As pessoas vivem mais, têm mais acesso à educação
e, descontados os desejos mais extravagantes, realizam como nunca
os sonhos de consumo. Cinqüenta anos atrás, os objetivos
de uma família americana eram a casa própria, o carro
na garagem e pelo menos um dos filhos na universidade. Hoje, seu
estilo de vida excede essas expectativas, graças a um aumento
de 50% na renda da classe média nos últimos 25 anos.
O que hoje é comum uma frota de carros na garagem,
assistência médica de primeira e férias no exterior
no início do século XX era privilégio
de uns poucos milionários. Há muito mais: algumas
doenças letais que nos anos 50 não poupavam nem sequer
os muito ricos, como a poliomielite, foram praticamente erradicadas.
Apesar de todos esses avanços, os psicólogos identificam
um fenômeno que tem sido chamado de "hipocondria social" ou
"paradoxo do progresso": a sensação crescente de que
tudo o que se conquistou com as melhorias sociais é mera
ilusão.
A
idéia de que um bom padrão de vida não é
garantia para a realização pessoal é antiga.
Há mais de 2.000 anos, o filósofo grego Aristóteles
já afirmava que a felicidade se atinge pelo exercício
da virtude, e não da posse.
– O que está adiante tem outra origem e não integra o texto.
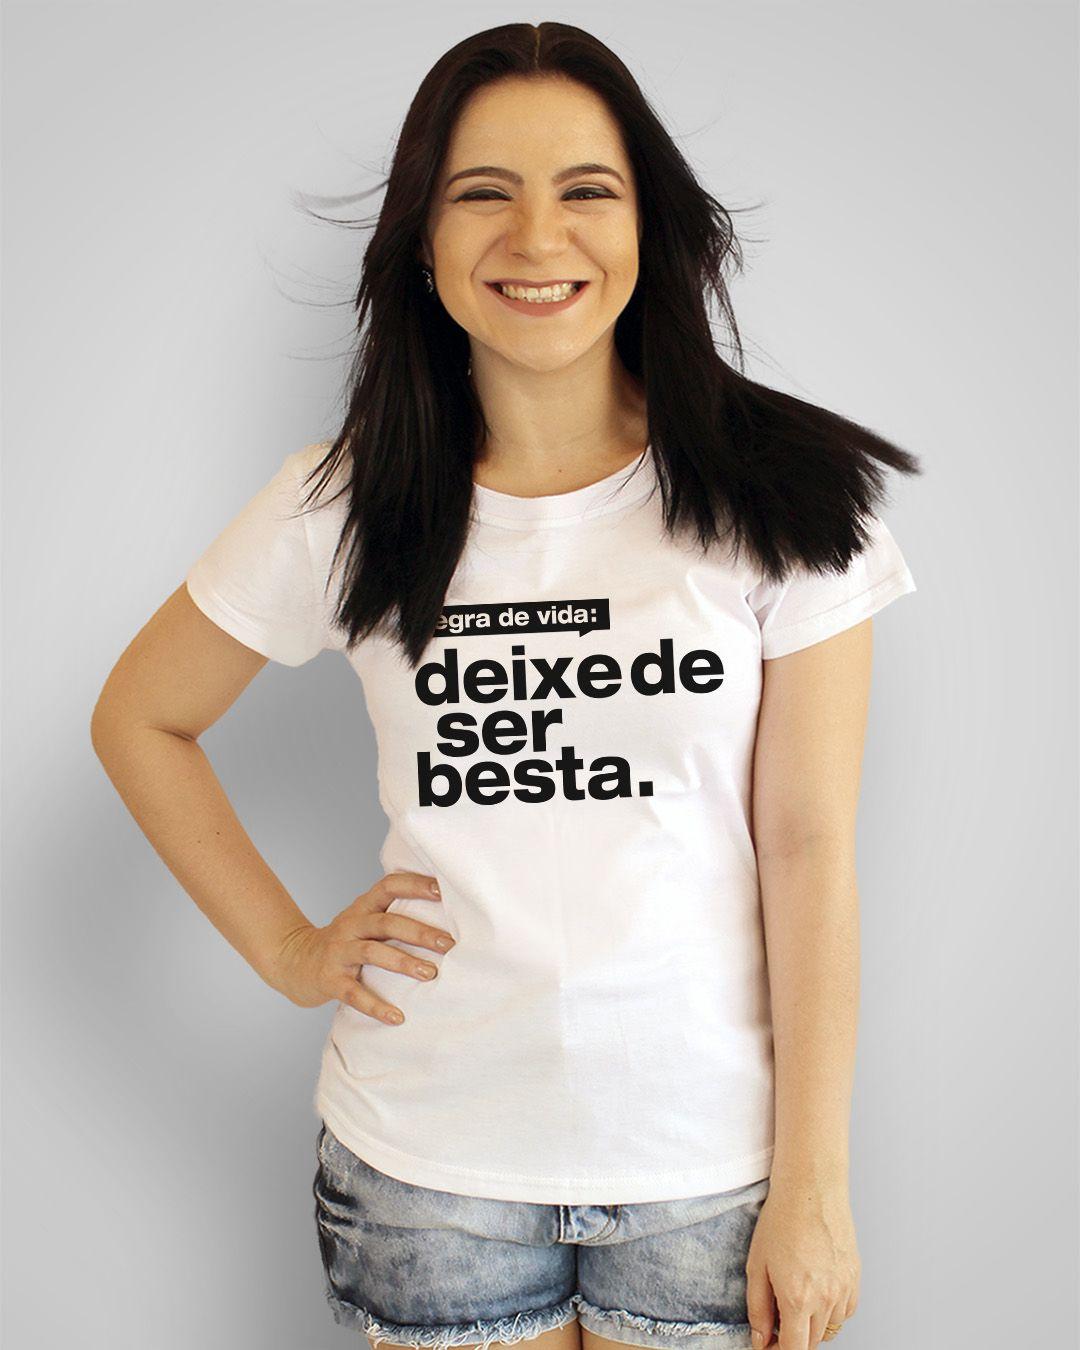 Camiseta Regra de vida: deixe de ser besta

Uma pesquisa recente realizada
pelo sociólogo holandês Ruut Veenhoven, da Universidade
Erasmus de Roterdã, concluiu que com uma renda anual de 10.000
dólares o indivíduo tem o suficiente para uma vida
confortável em qualquer país industrializado. A partir
daí, como na propaganda de cartão de crédito,
existem coisas um sentido para a vida, uma paixão
e amizades que o dinheiro não pode comprar. A melancolia
que contamina as sociedades ricas do século XXI é
mais complexa do que a velha frase "Dinheiro não compra felicidade".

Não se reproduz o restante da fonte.